Data -
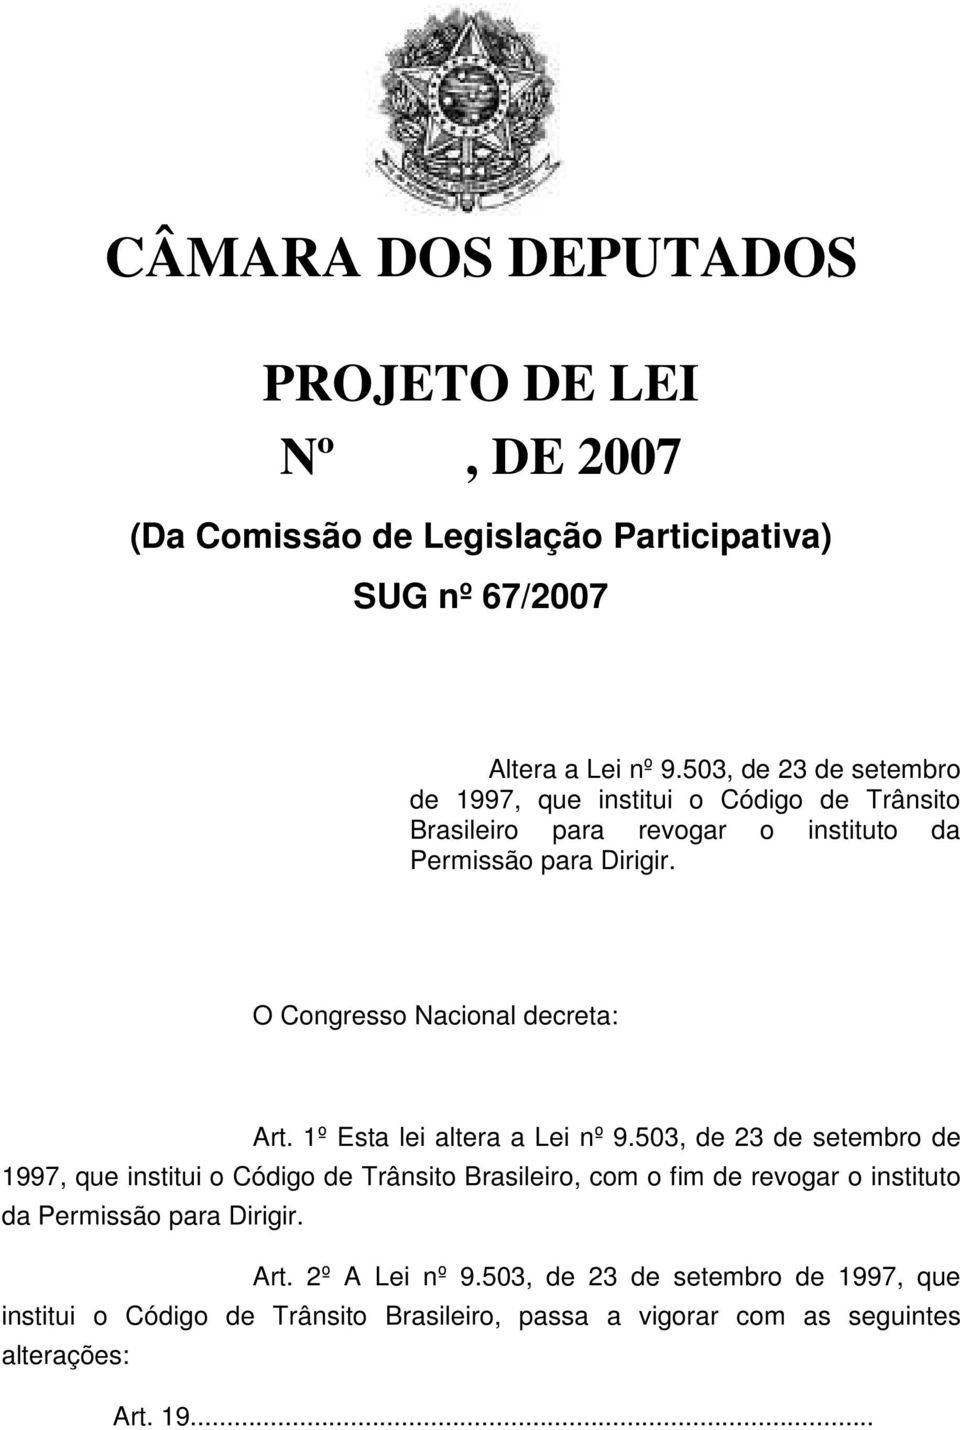 O Congresso Nacional decreta: Art. 1º Esta lei altera a Lei nº 9.
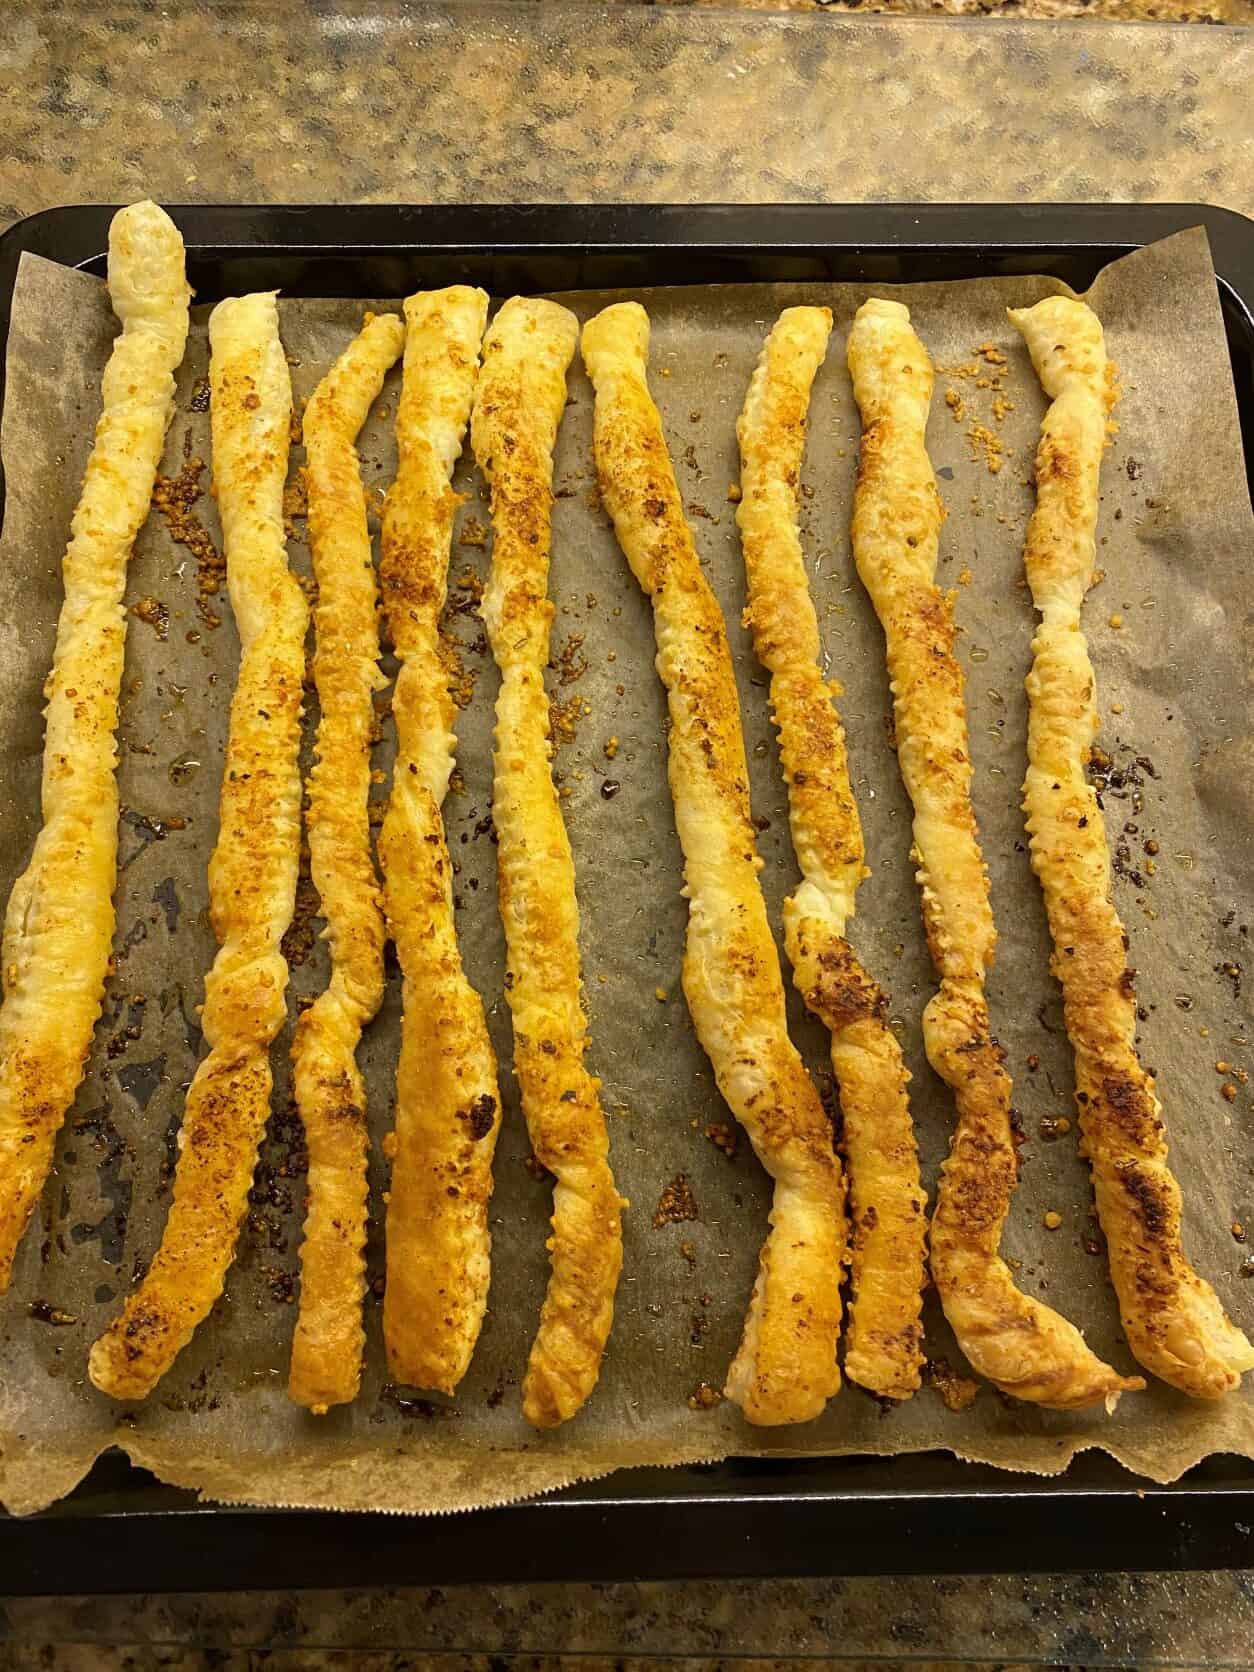 baked Garlic Bread Sticks on a baking tray
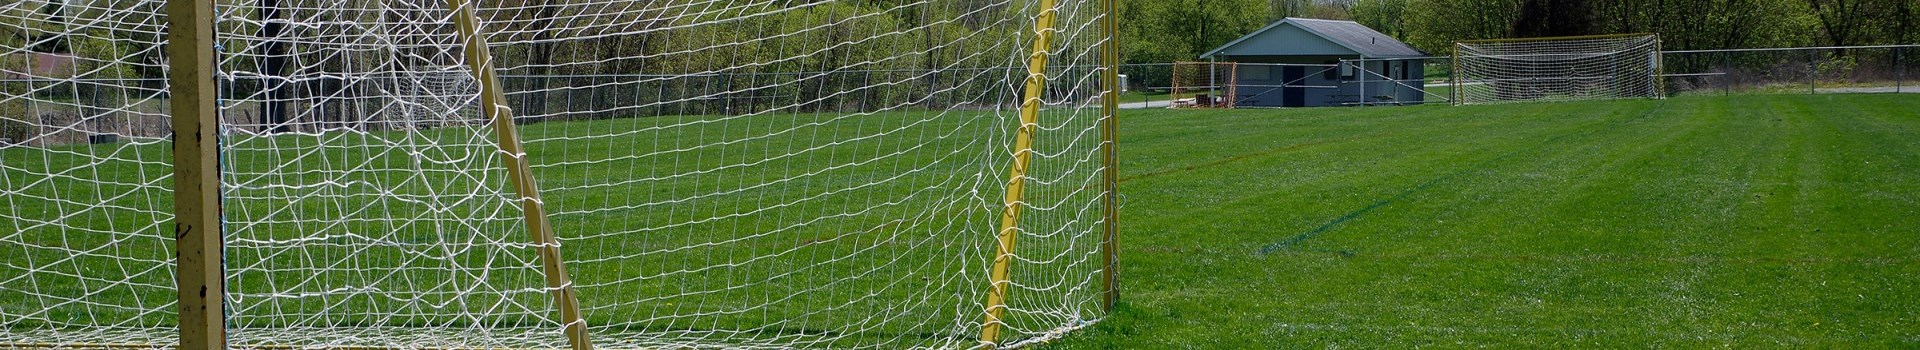 Soccer nets at Gerald Ball Memorial Park

Exercise directions - Pictures in the listing above must be skipped; everything else should be copied exactly.

Response below -
 O Congresso Nacional decreta: Art. 1º Esta lei altera a Lei nº 9.
 baked Garlic Bread Sticks on a baking tray
 Soccer nets at Gerald Ball Memorial Park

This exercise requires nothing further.